EXERCISE MATERIALS START

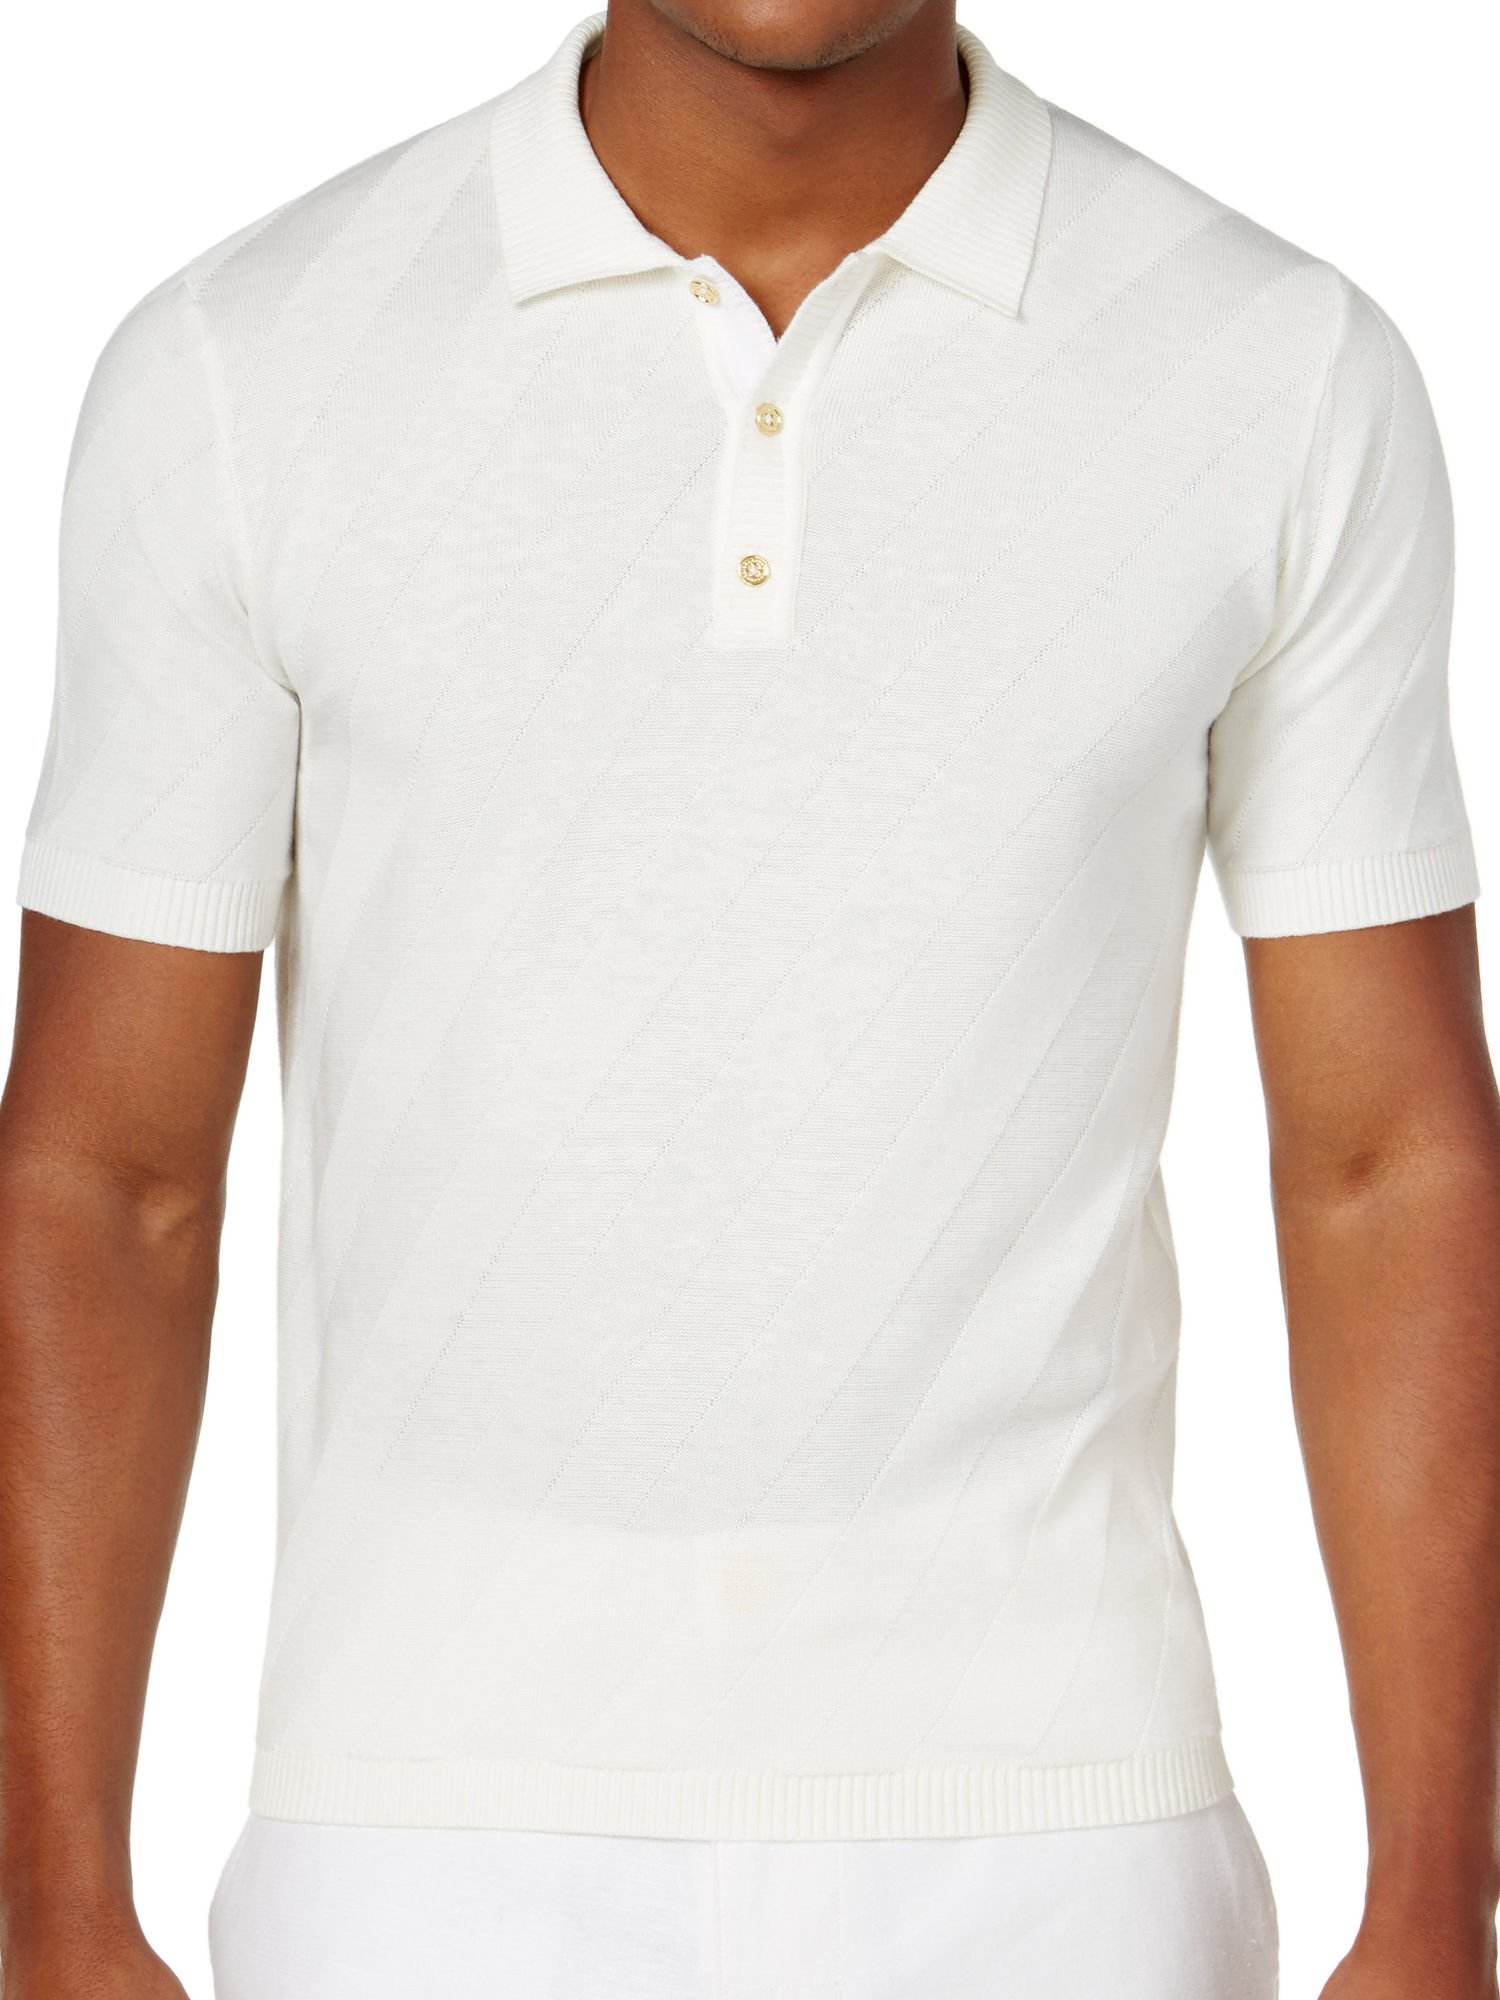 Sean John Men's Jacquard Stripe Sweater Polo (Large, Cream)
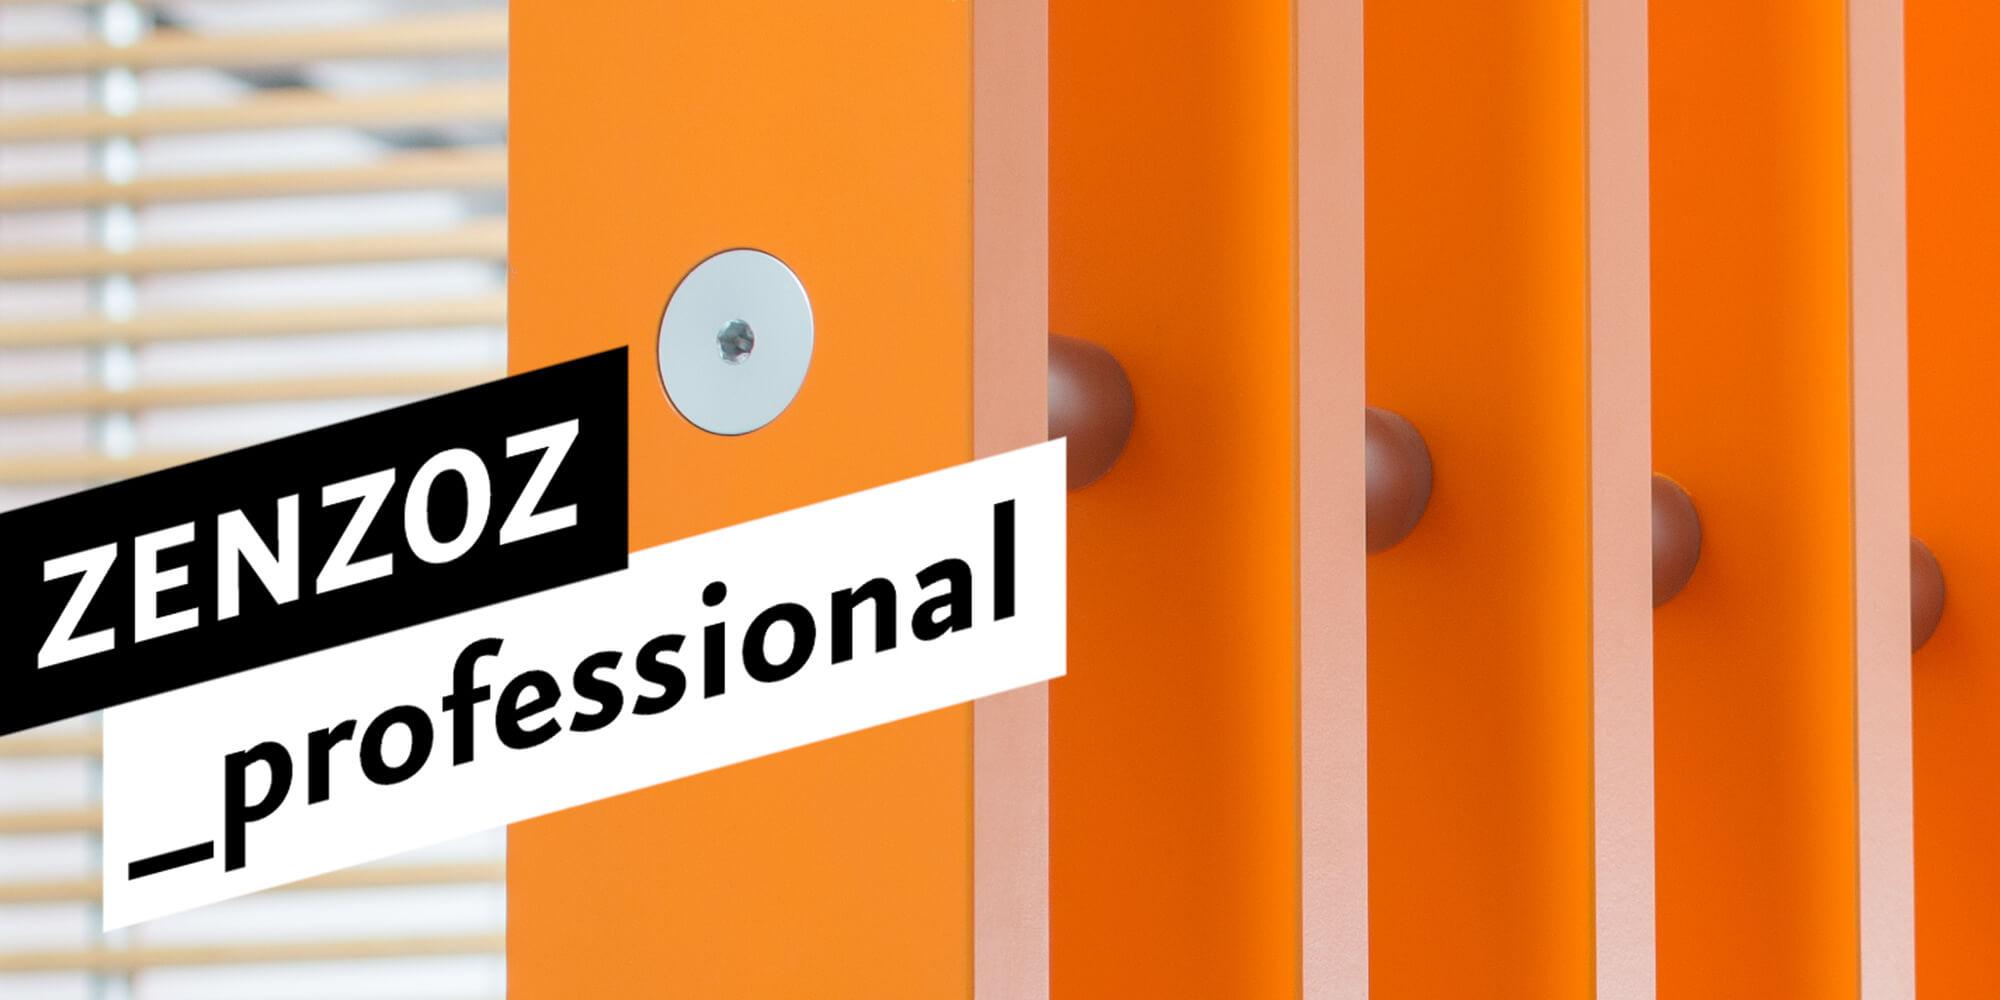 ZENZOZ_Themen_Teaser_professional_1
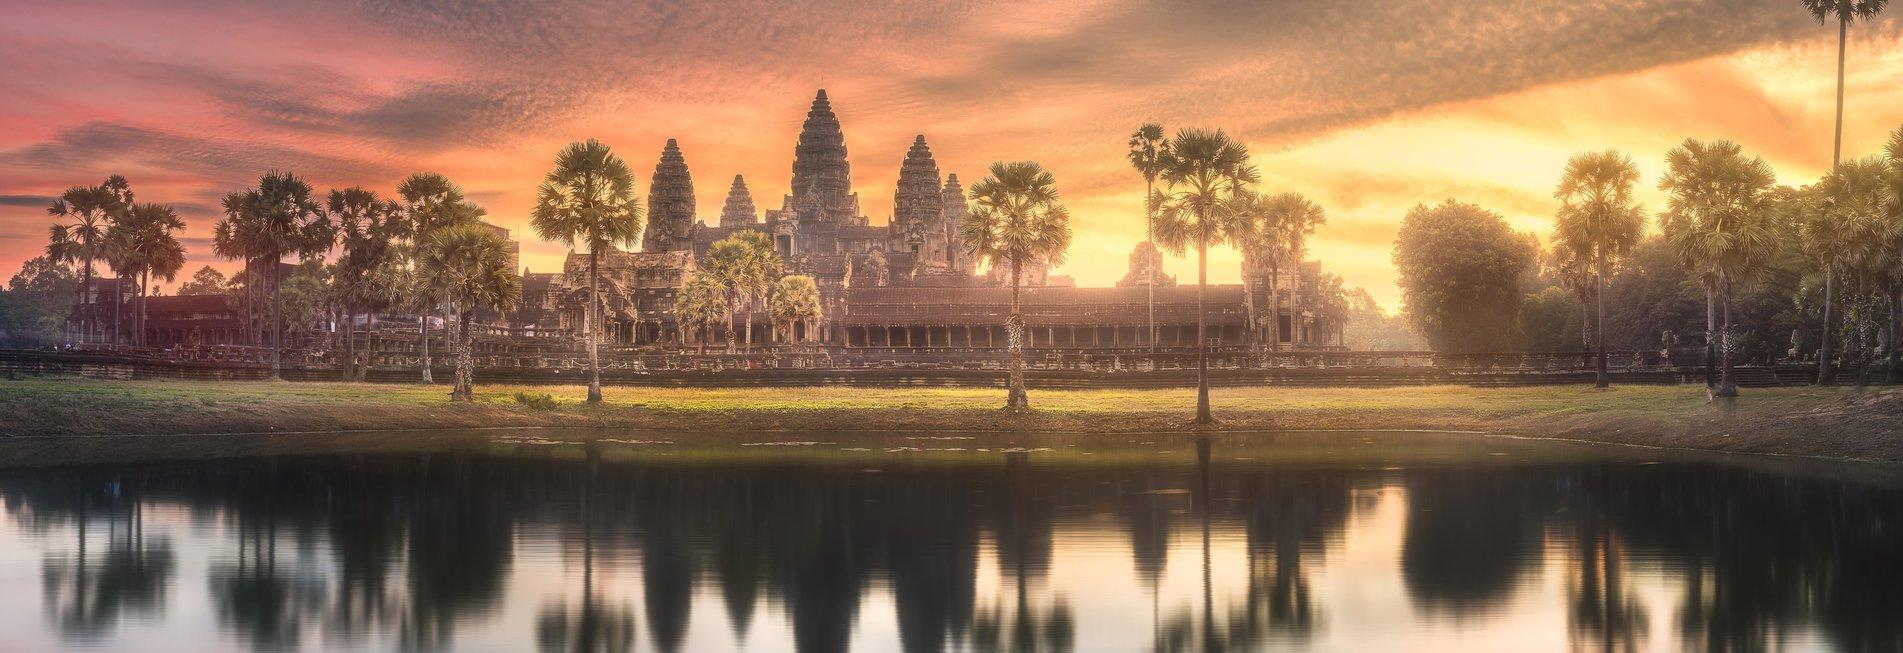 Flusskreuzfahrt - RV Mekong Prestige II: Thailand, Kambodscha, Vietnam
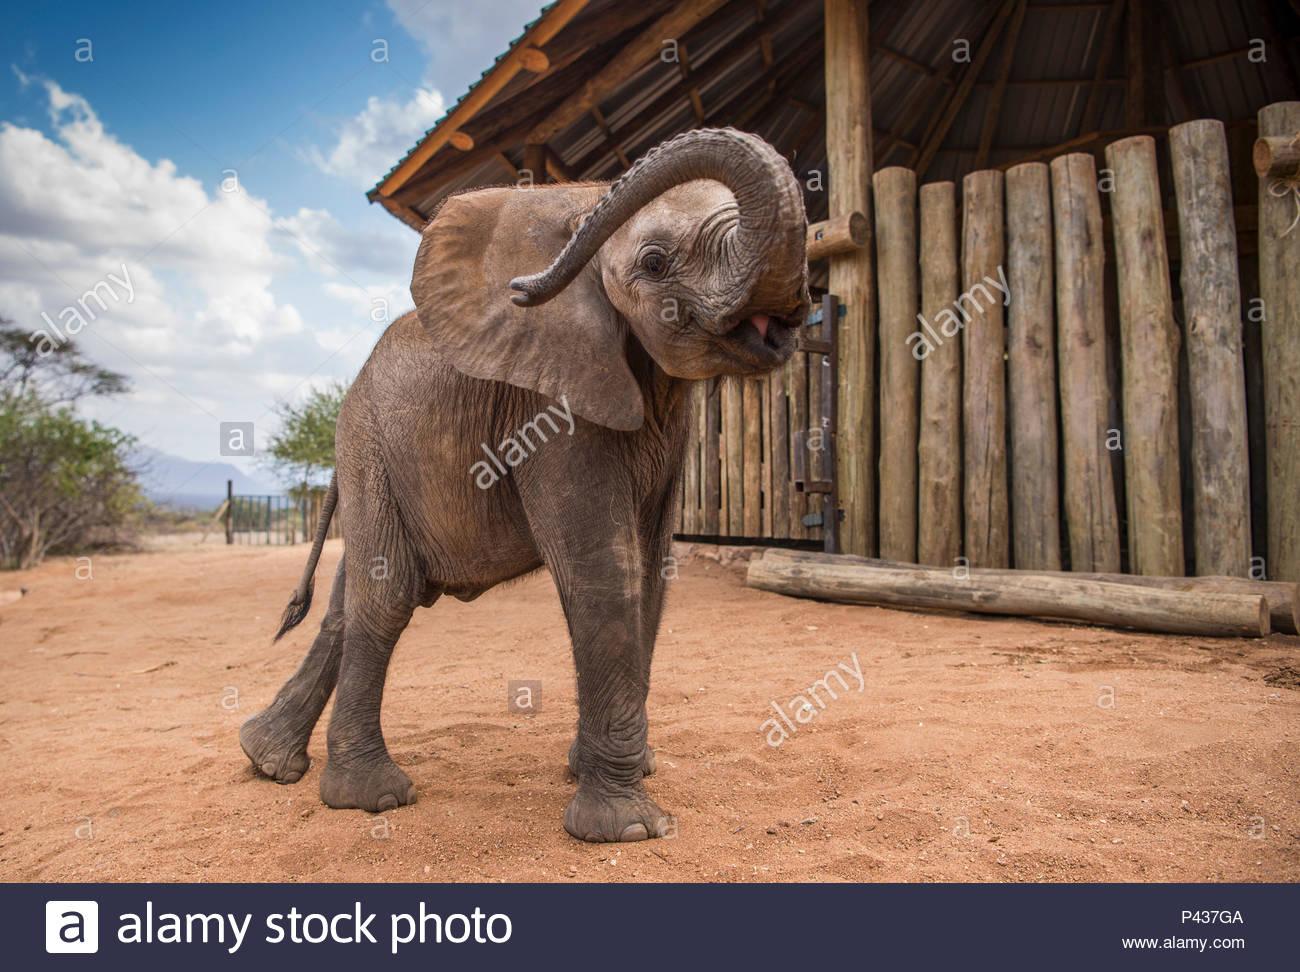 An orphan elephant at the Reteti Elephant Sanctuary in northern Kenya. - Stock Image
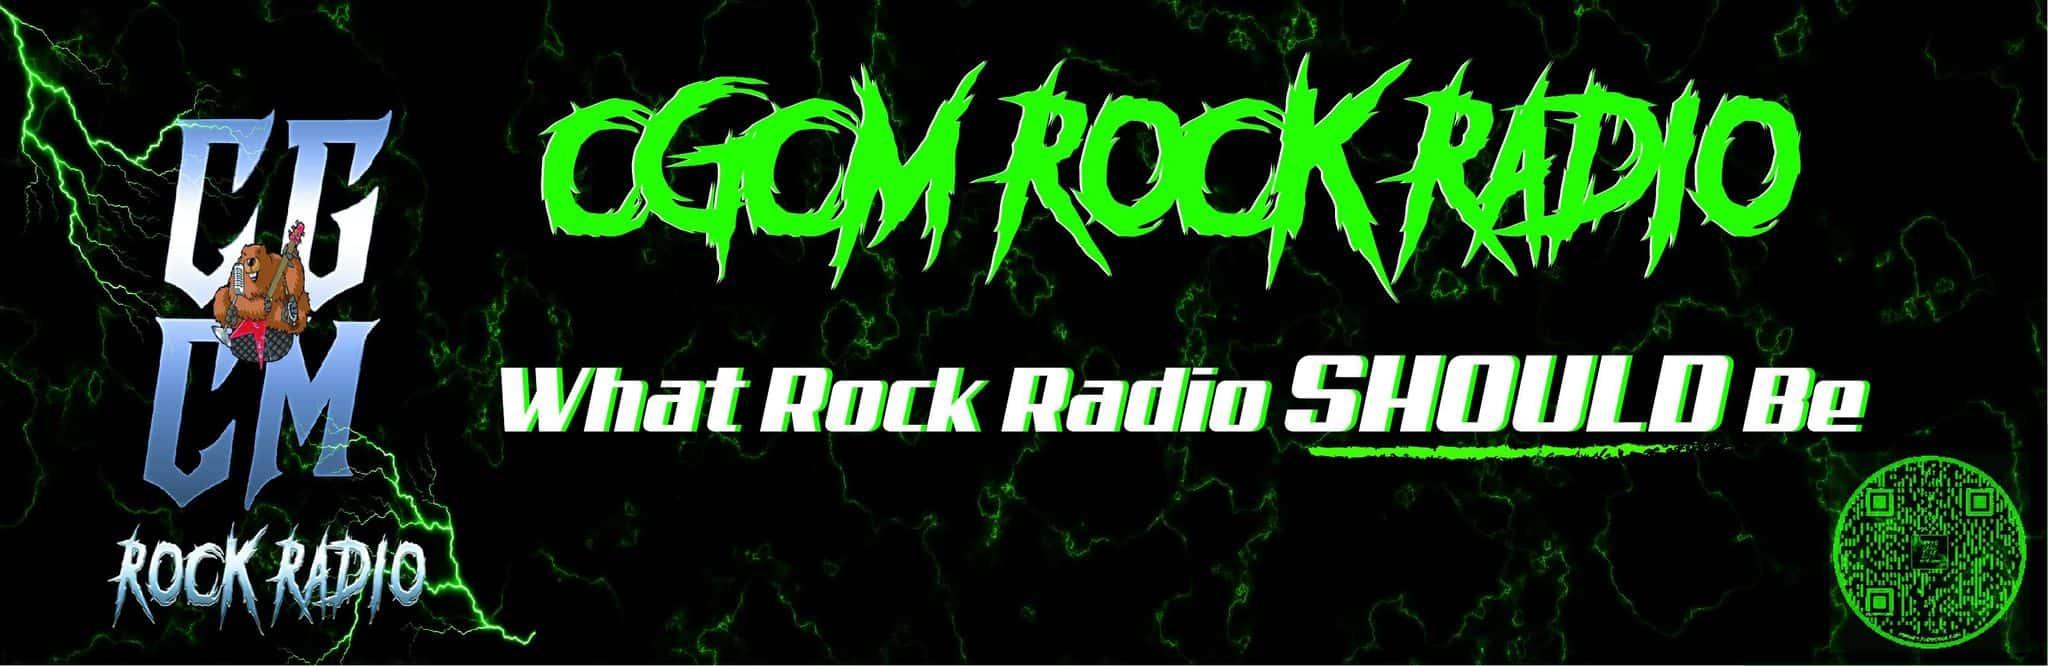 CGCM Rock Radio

EXERCISE MATERIALS END

§ **ASSIGNMENT**
Apart from the pictures, return every entry above exactly as given.

§ **WRITTEN RESPONSE**
 Sean John Men's Jacquard Stripe Sweater Polo (Large, Cream)
 ZENZOZ_Themen_Teaser_professional_1
 Flusskreuzfahrt - RV Mekong Prestige II: Thailand, Kambodscha, Vietnam
 An orphan elephant at the Reteti Elephant Sanctuary in northern Kenya. - Stock Image
 CGCM Rock Radio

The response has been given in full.